On Wed, 2019-04-10 at 21:54 -0600, Subash Abhinov Kasiviswanathan wrote:

> > > We need raw IP frames from a embedded device transmitted to a PC
> > > and vice versa.
> > 
> > Sure. But you just need to encap them in some kind of ethernet frame to
> > transport them on the wire, but don't really need to care much about
> > how.
> > 
> 
> These packets will be processed as raw IP muxed frames on the PC as 
> well, not as ethernet though.

But in order to transport them, they're always encapsulated in ethernet?
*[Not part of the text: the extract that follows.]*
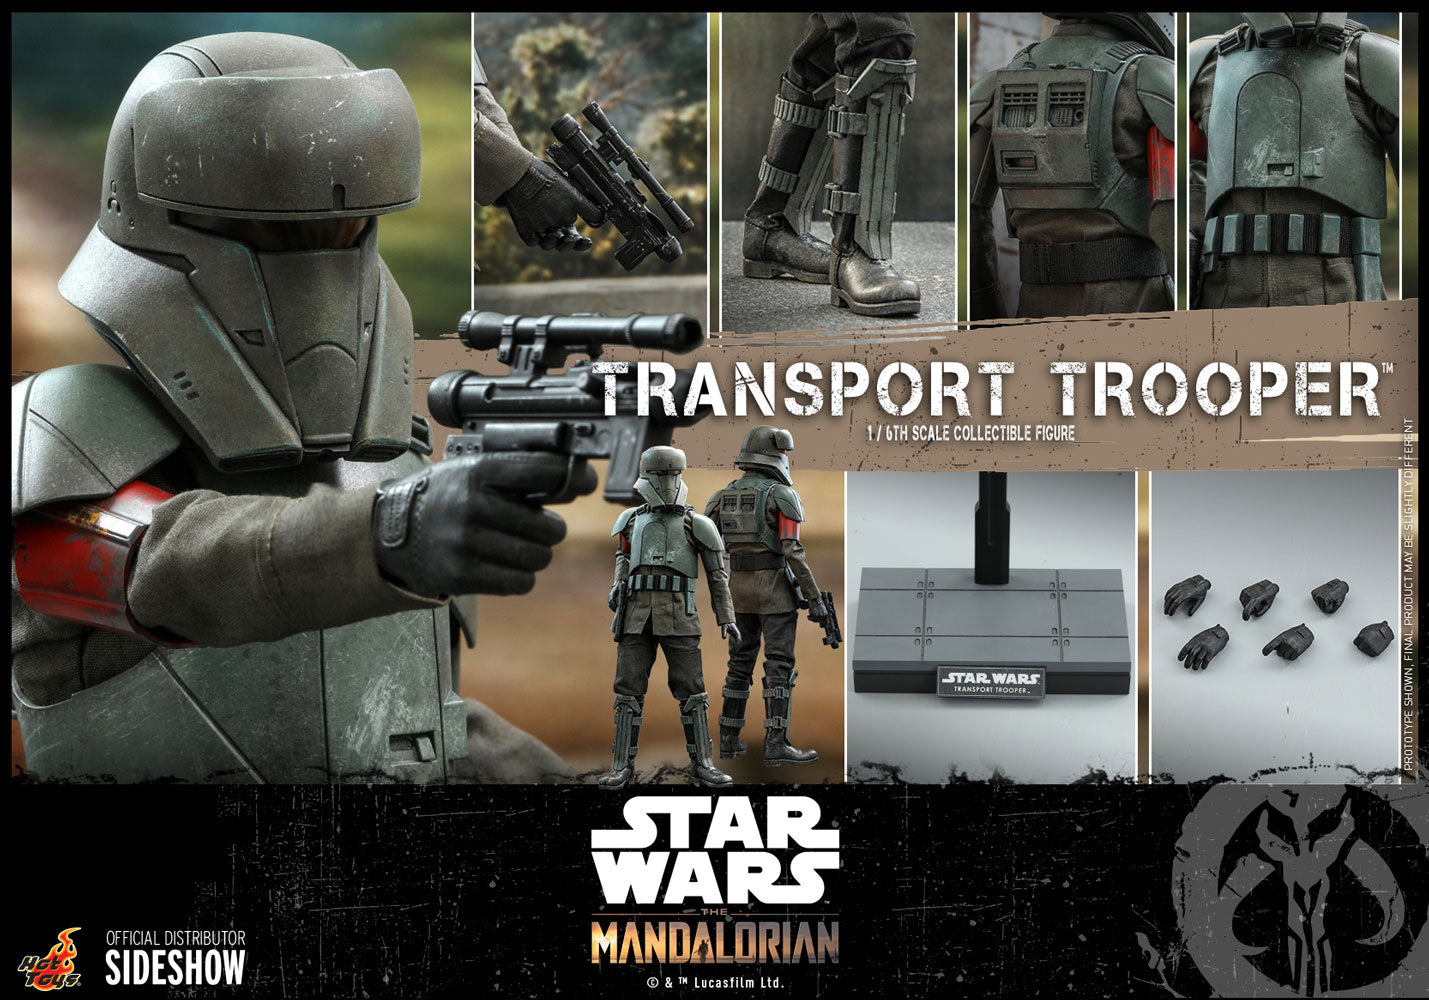 Transport Trooper Star Wars 1:6 Scale Figure Hot Toys

> Currently, iproute2 can be used to add the underlying dev as real_dev 
> and create rmnet links over it (ip link add link rmnet_ipa0 name rmnet0 type 
> rmnet mux_id 1). Would this continue to work if -
> 1. the rmnet library were to be included directly as part of the 
> underlying driver itself
> 2. there is no underlying dev at all

Yeah, this is the big question.

If there's no underlying netdev at all, then no, it wouldn't work.
Though, it could be "faked" in a sense, by doing two things:

a) having the driver/infra always create a default channel interface,
   say mux_id 0?
b) by treating

	ip link add link rmnet_ipa0 name rmnet0 type rmnet mux_id 1

   as not creating a new netdev *on top of* but rather *as sibling to*
   "rmnet0".


The alternative is to just keep rmnet and the underlying driver, but tie
them together a little more closely so that they can - together -
register with a hypothetical new WWAN framework.

See - even if we create such a framework in a way that it doesn't
require an underlying netdev (which I think is the better choice for
various reasons, particularly related to 5G), then there's nothing that
says that you *cannot* have it anyway and keep the exact same rmnet +
underlying driver model.

> One additional use of underlying netdev is for RPS.
> This helps to separate out the processing of the underlying netdev and
> rmnet. If rmnet were to be converted into a library, we would still need
> this functionality.

Hmm, not sure I understand this. If you do RPS/RSS then that's a
hardware function, and the netdev doesn't really come into play
immediately? If the underlying driver directly deals with multiple
netdevs that's actually an *advantage*, no?